Arkebauer was another one of the angels who came to the forum to give entrepreneurs some nuts-and-bolts instructions on getting the attention of those with the money.

"You have to learn to speak the language of investors," Arkebauer told a roomful of about 150 entrepreneurs and investors.

In his keynote address to the forum, Timothy Keating, president of Keating Investments LLC, stressed that language should be simple.

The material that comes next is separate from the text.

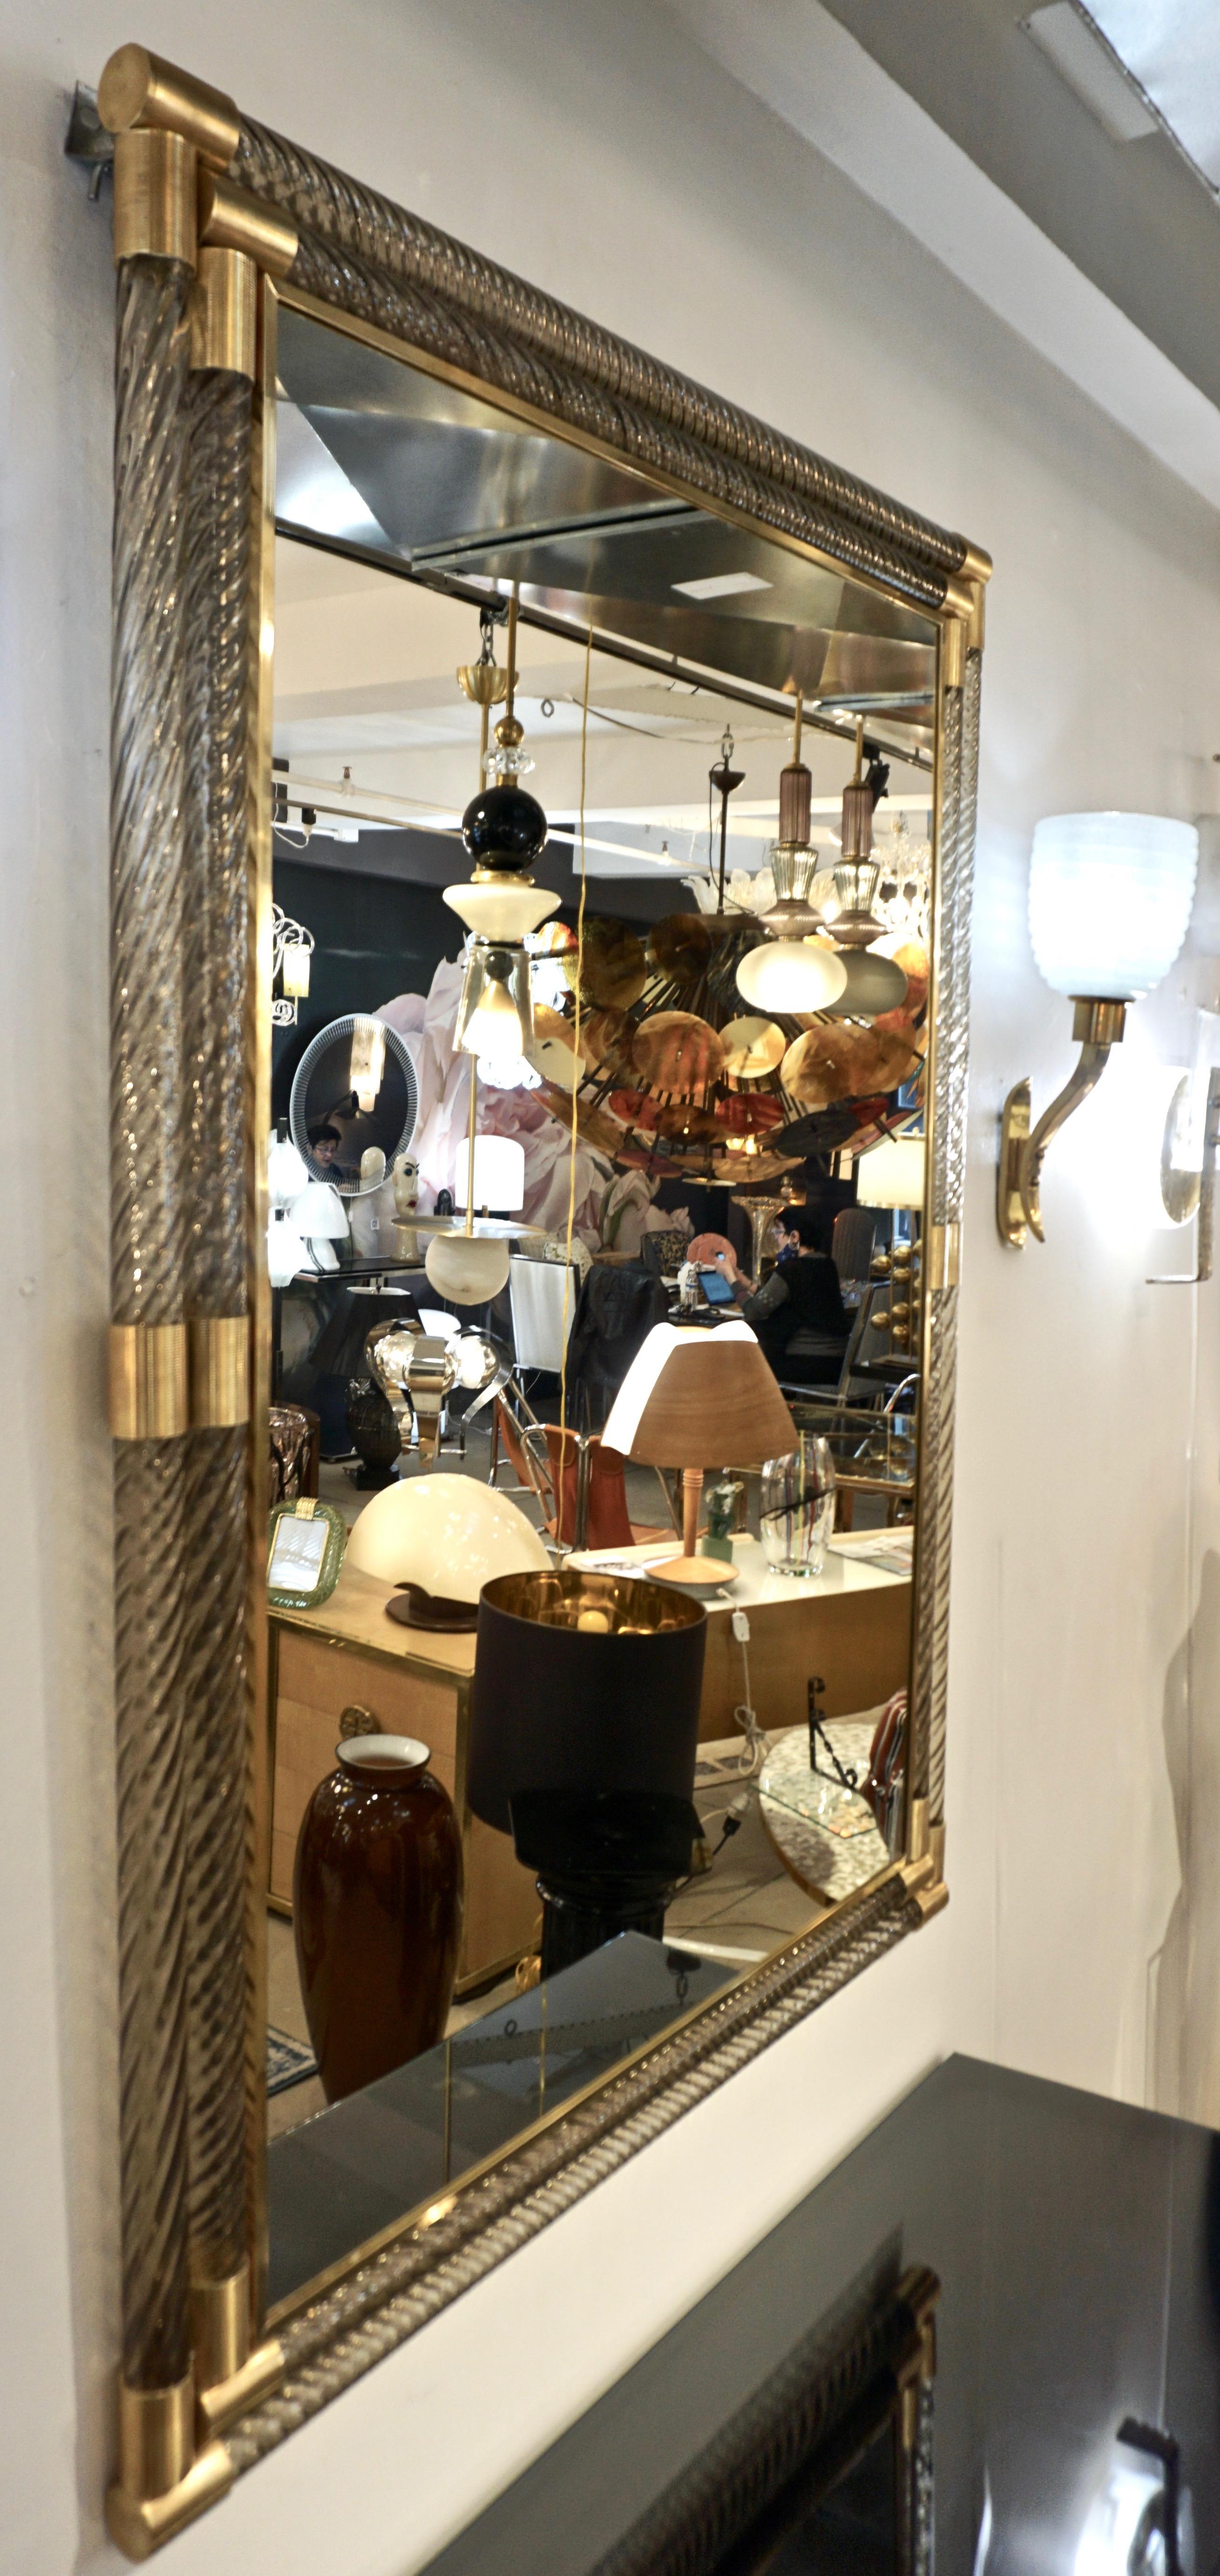 Contemporary Italian Art Deco Design Twisted Gray Smoked Murano Glass & Gold Brass Mirror For Sale

"Make your position statement crystal clear," was at the top of Keating’s "10 Tips to Get an Investor to Write a Check."

"Explain how the company makes money in plain English I can understand," Keating said.

Another of Keating’s tips was, "if you have a widget, don’t tell me about it. Bring me the widget, or if it is a service you’re selling, show me a contract. … Bring the product to life for me."

Grand Junction businessman Bob Ballantyne was one forum attendee who did just that.

On a hallway table at Two Rivers, Ballantyne had two portable mercury analyzers that his Genesis Physical Science Products company has developed.

Ballantyne said he came to the forum seeking $2 million to keep his company afloat after bad timing hurt his fledgling business. He said he spent $1.2 million for research and development and released his first analyzers just 10 days before the Sept. 11, 2001, terrorist attacks triggered an economic downturn.

Nurses Harriet Brekalo and Sharon Roper didn’t come with a widget, but they said they gathered good ideas for developing a business plan to expand their new Complementary Health Consulting business.

"Our educational videos should be our first area of expansion," said an excited Brekalo after listening to the advice of angels.